- _Exercise data_
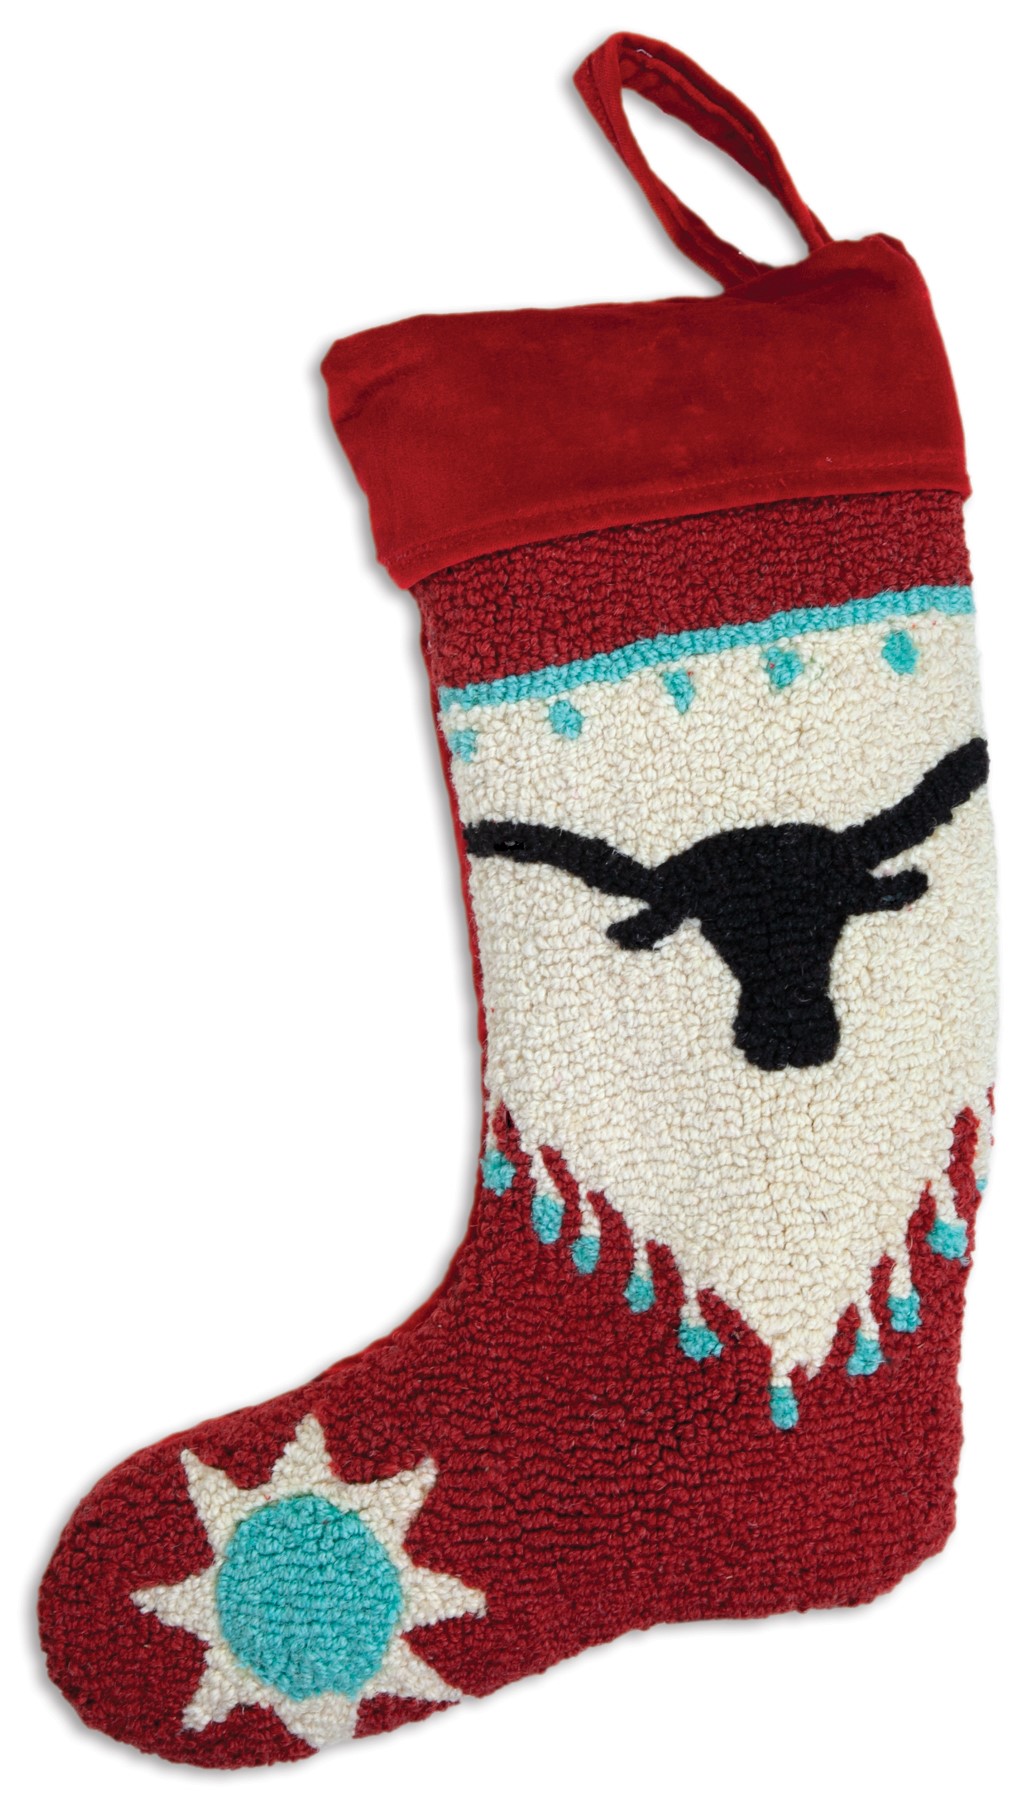 Picture of Longhorn Stocking
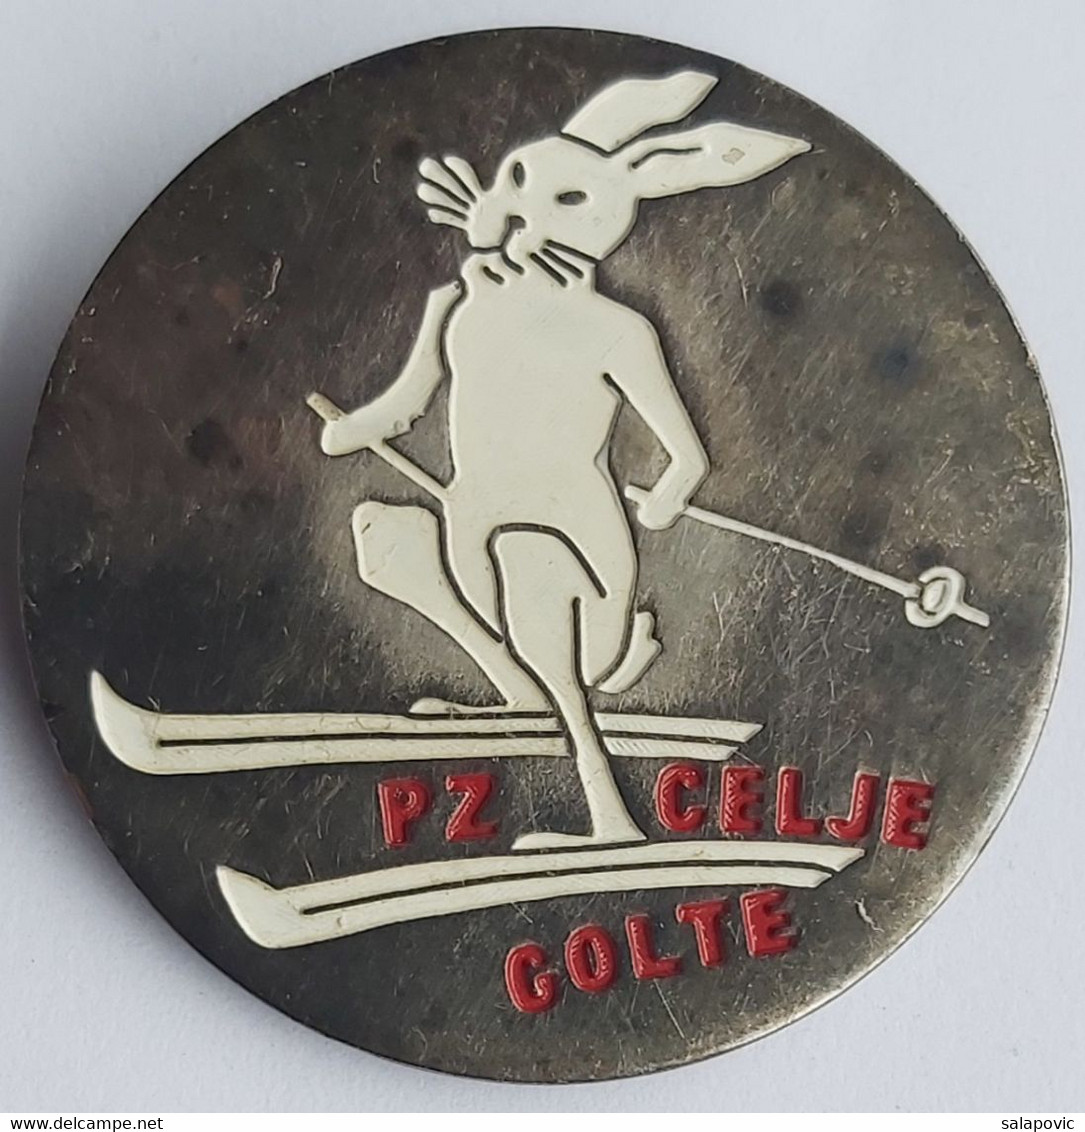 PZ Celje Golte Skiing Slovenia Alpinism (Mountaineering / Hiking) PIN P3/4 - Sports D'hiver
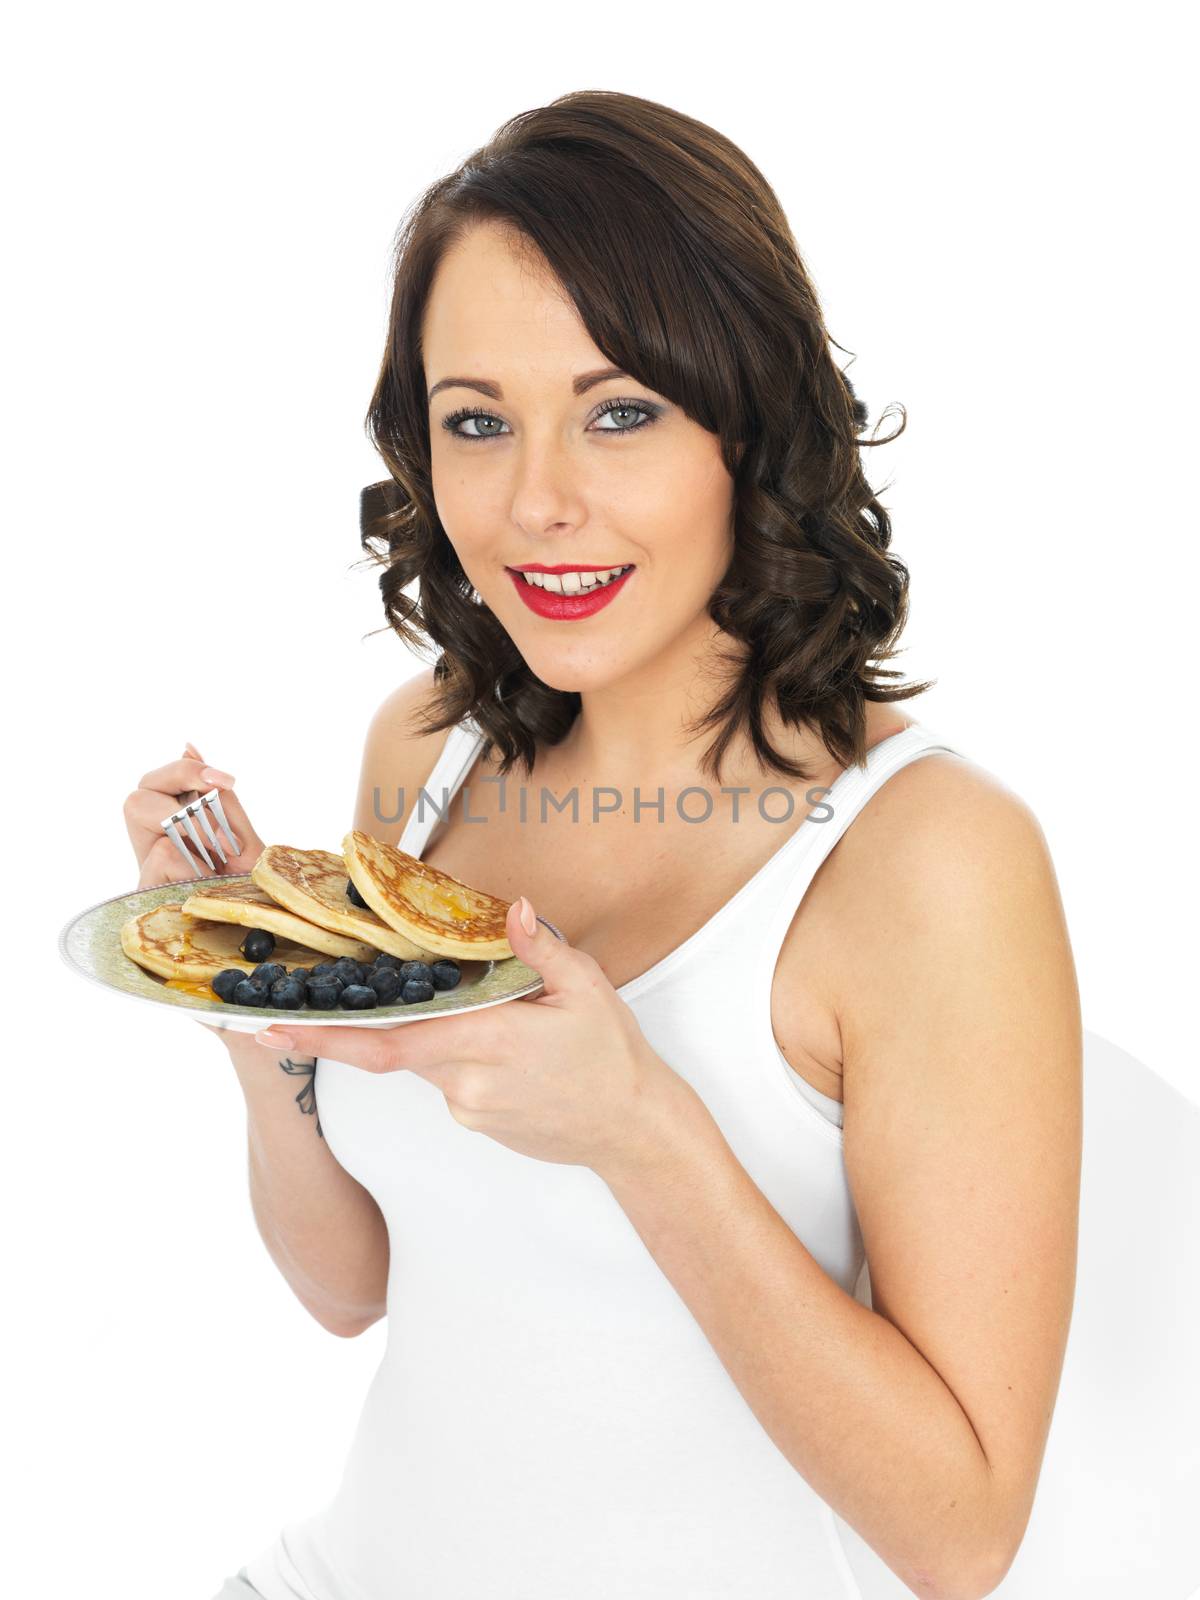 Young Woman Eating Pancakes with Blueberries by Whiteboxmedia

- _Task to carry out_
Except for the pictures, print the data above exactly.

- _Solved problem_
 Picture of Longhorn Stocking
 PZ Celje Golte Skiing Slovenia Alpinism (Mountaineering / Hiking) PIN P3/4 - Sports D'hiver
 Young Woman Eating Pancakes with Blueberries by Whiteboxmedia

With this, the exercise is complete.